*Task objective:*
At the line containing "Bronzeskulptur Skulptur Regenschirm", begin an exact copy of the lines below and continue through the final one, with no pictures.

*Input records:*
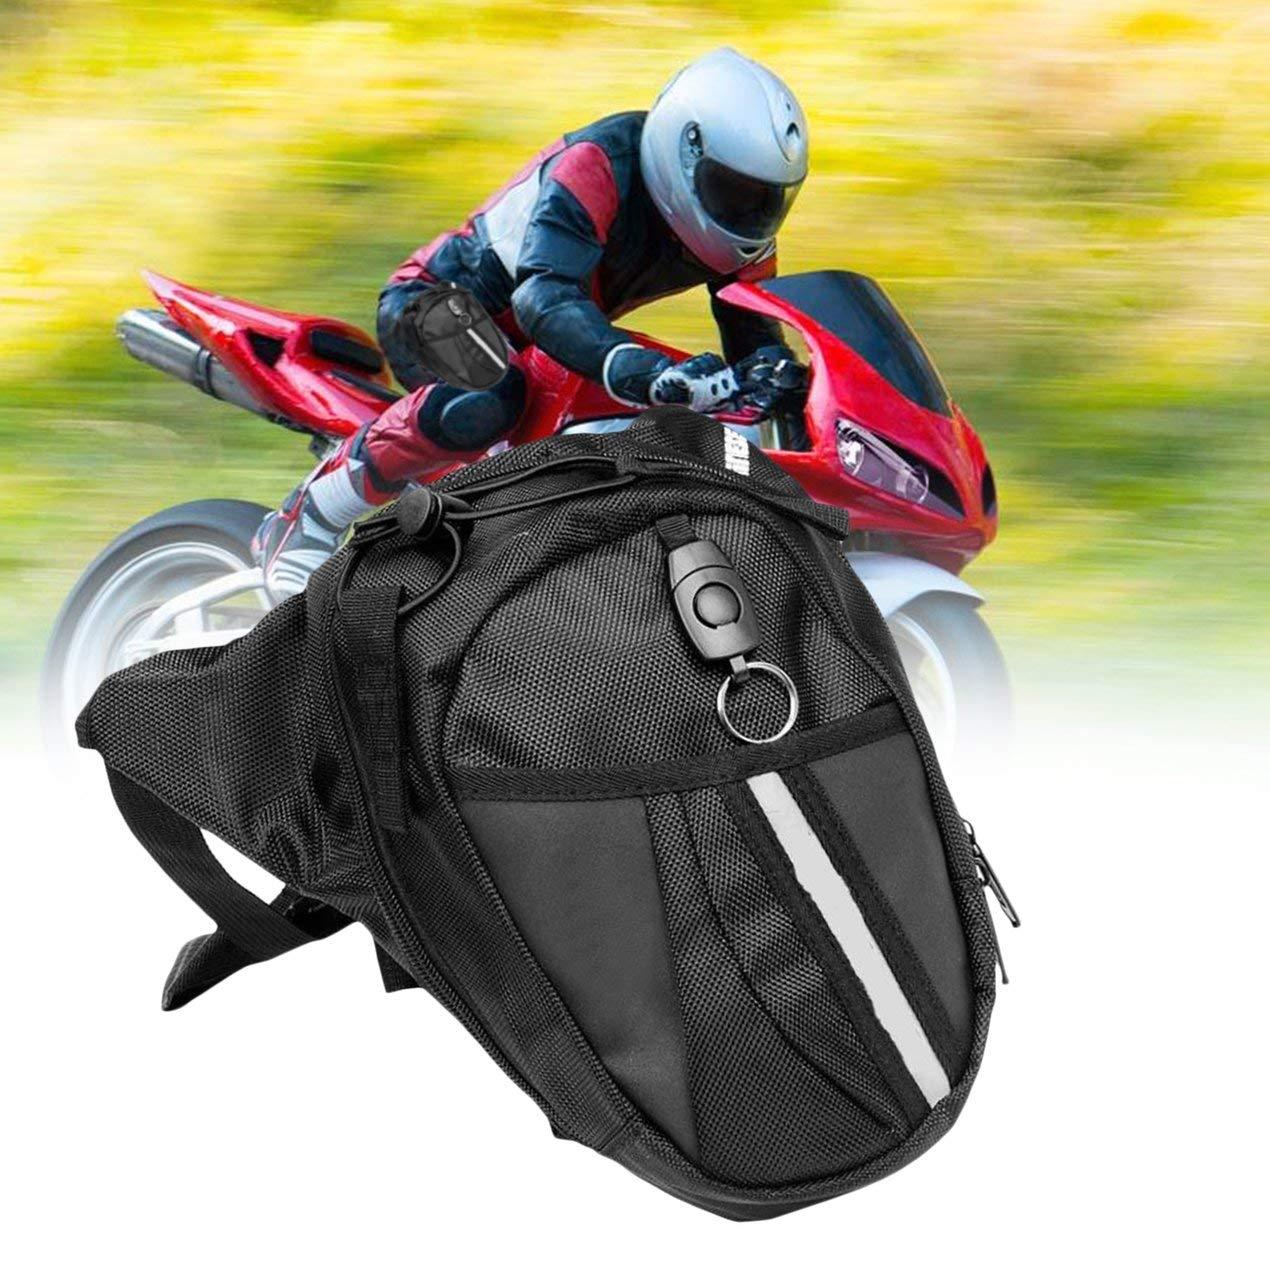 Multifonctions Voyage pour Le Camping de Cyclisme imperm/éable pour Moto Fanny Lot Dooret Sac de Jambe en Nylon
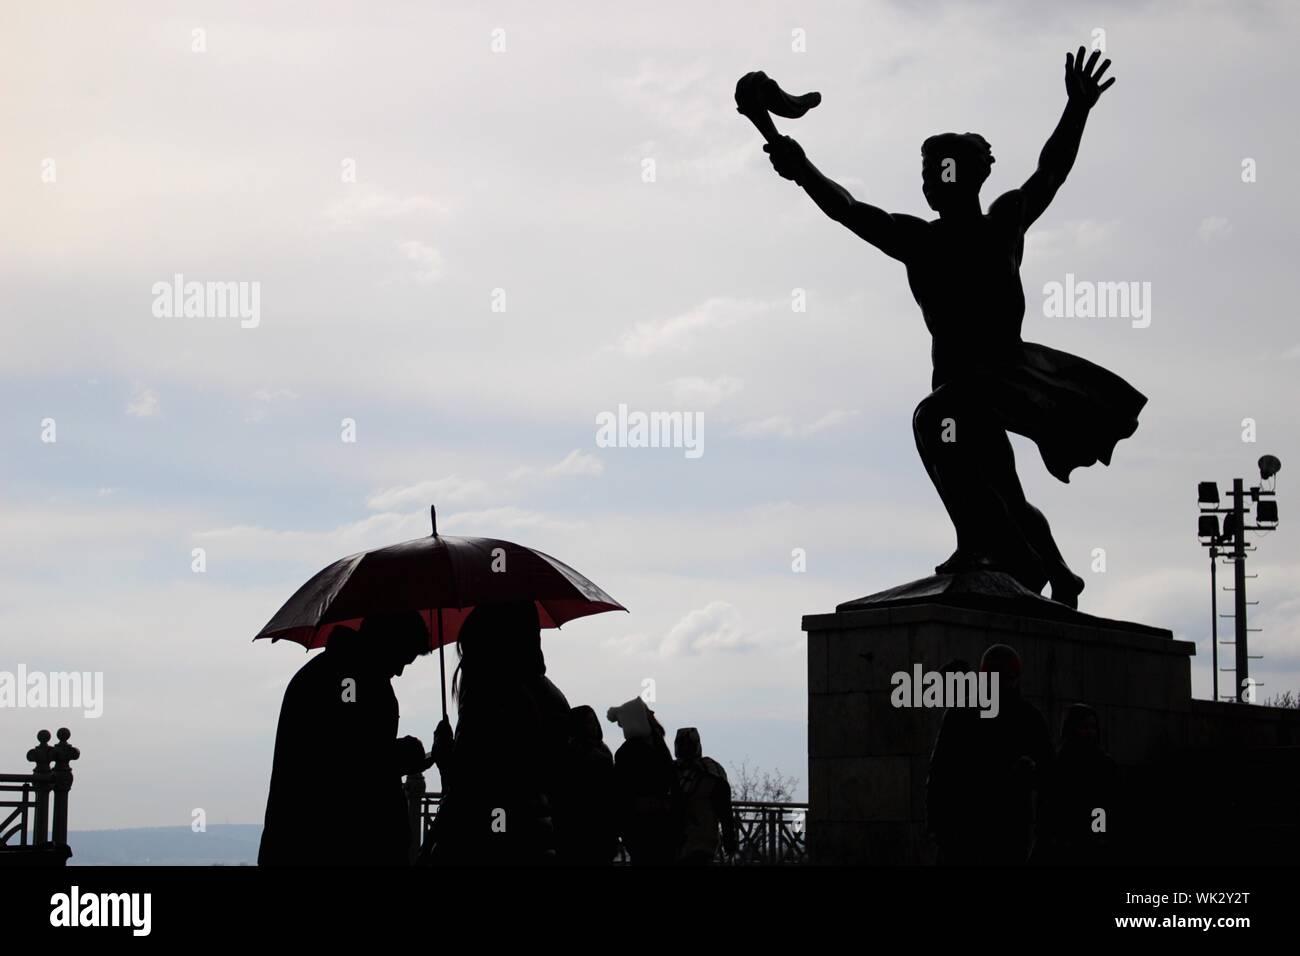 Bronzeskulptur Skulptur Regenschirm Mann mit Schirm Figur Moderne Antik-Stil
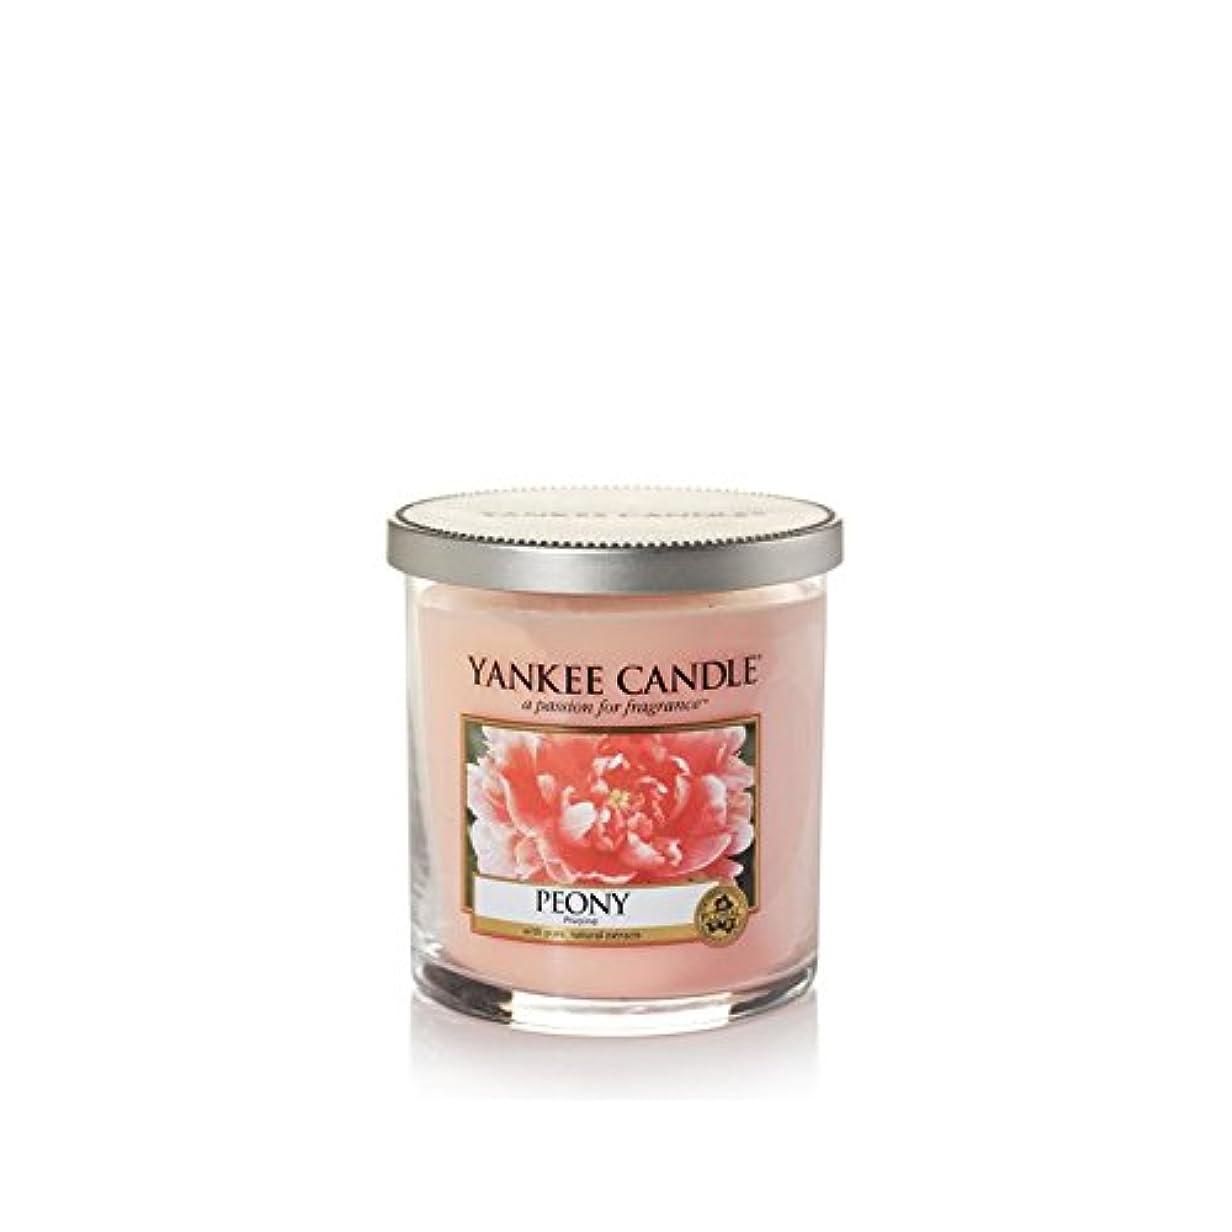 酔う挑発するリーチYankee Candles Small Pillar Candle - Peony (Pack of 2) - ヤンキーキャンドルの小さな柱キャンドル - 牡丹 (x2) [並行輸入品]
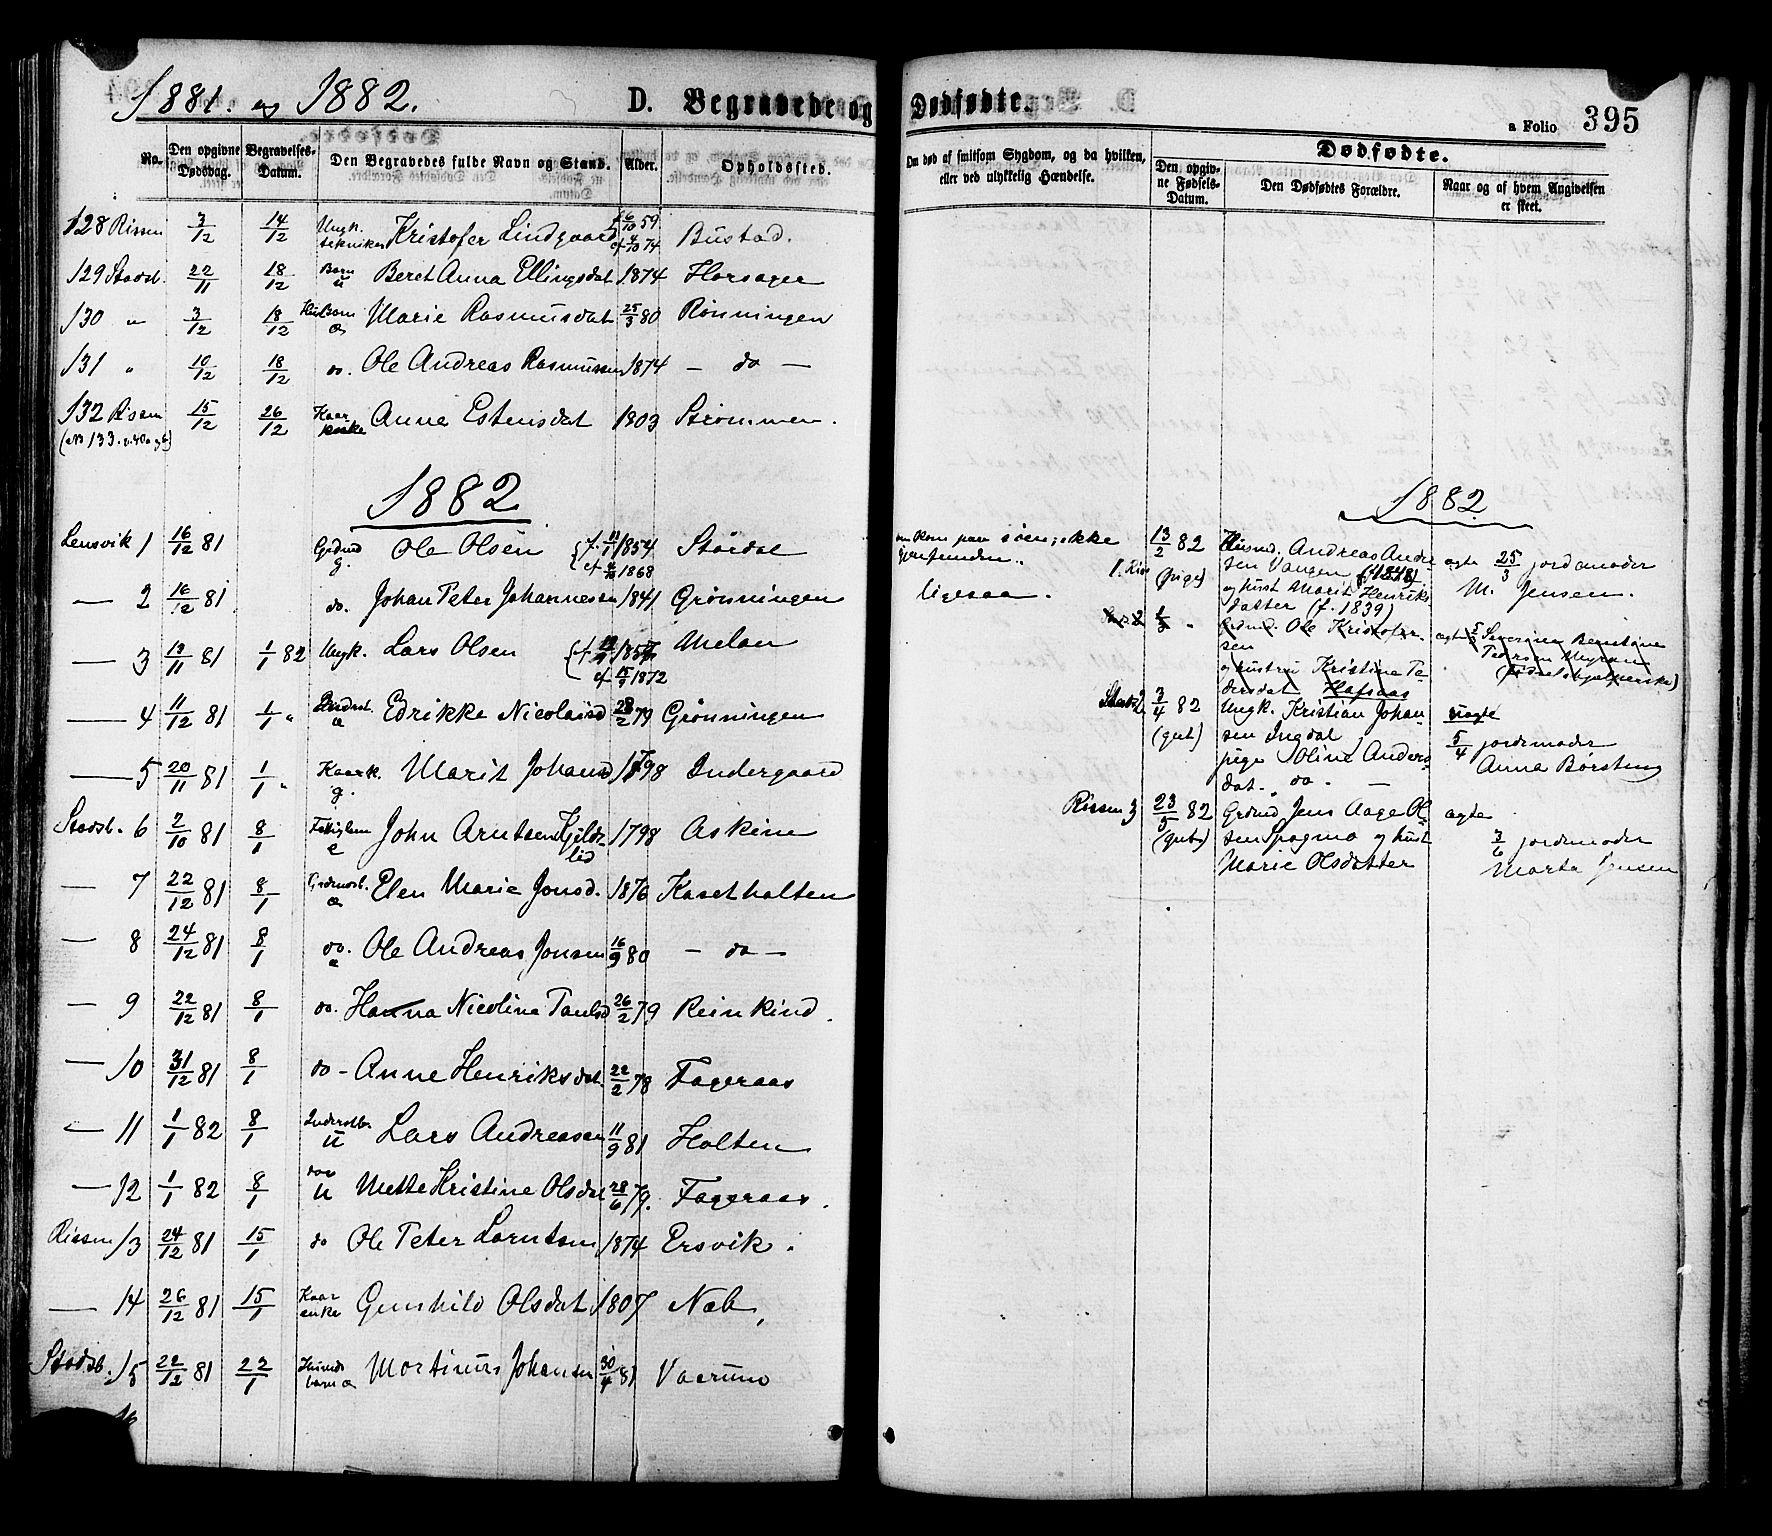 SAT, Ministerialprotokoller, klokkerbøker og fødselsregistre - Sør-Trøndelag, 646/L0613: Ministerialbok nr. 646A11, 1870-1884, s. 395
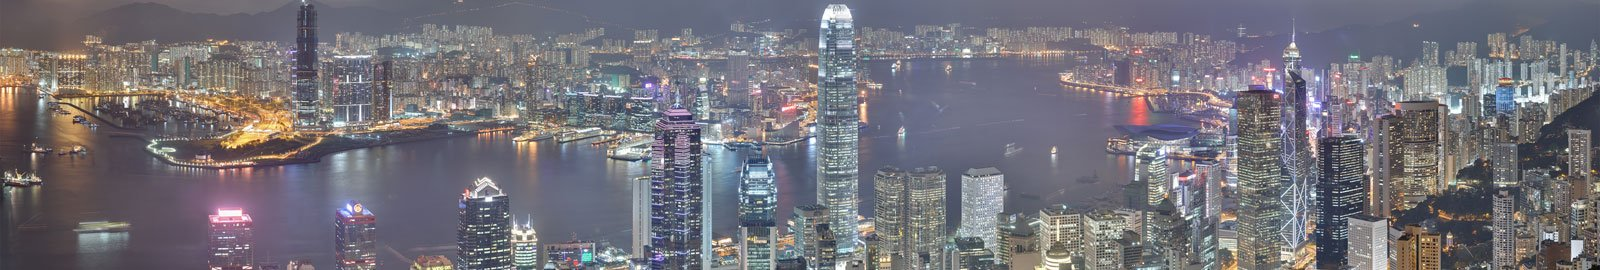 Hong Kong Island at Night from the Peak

*Exercise response:*
 Bronzeskulptur Skulptur Regenschirm Mann mit Schirm Figur Moderne Antik-Stil
 酔う挑発するリーチYankee Candles Small Pillar Candle - Peony (Pack of 2) - ヤンキーキャンドルの小さな柱キャンドル - 牡丹 (x2) [並行輸入品]
 SAT, Ministerialprotokoller, klokkerbøker og fødselsregistre - Sør-Trøndelag, 646/L0613: Ministerialbok nr. 646A11, 1870-1884, s. 395
 Hong Kong Island at Night from the Peak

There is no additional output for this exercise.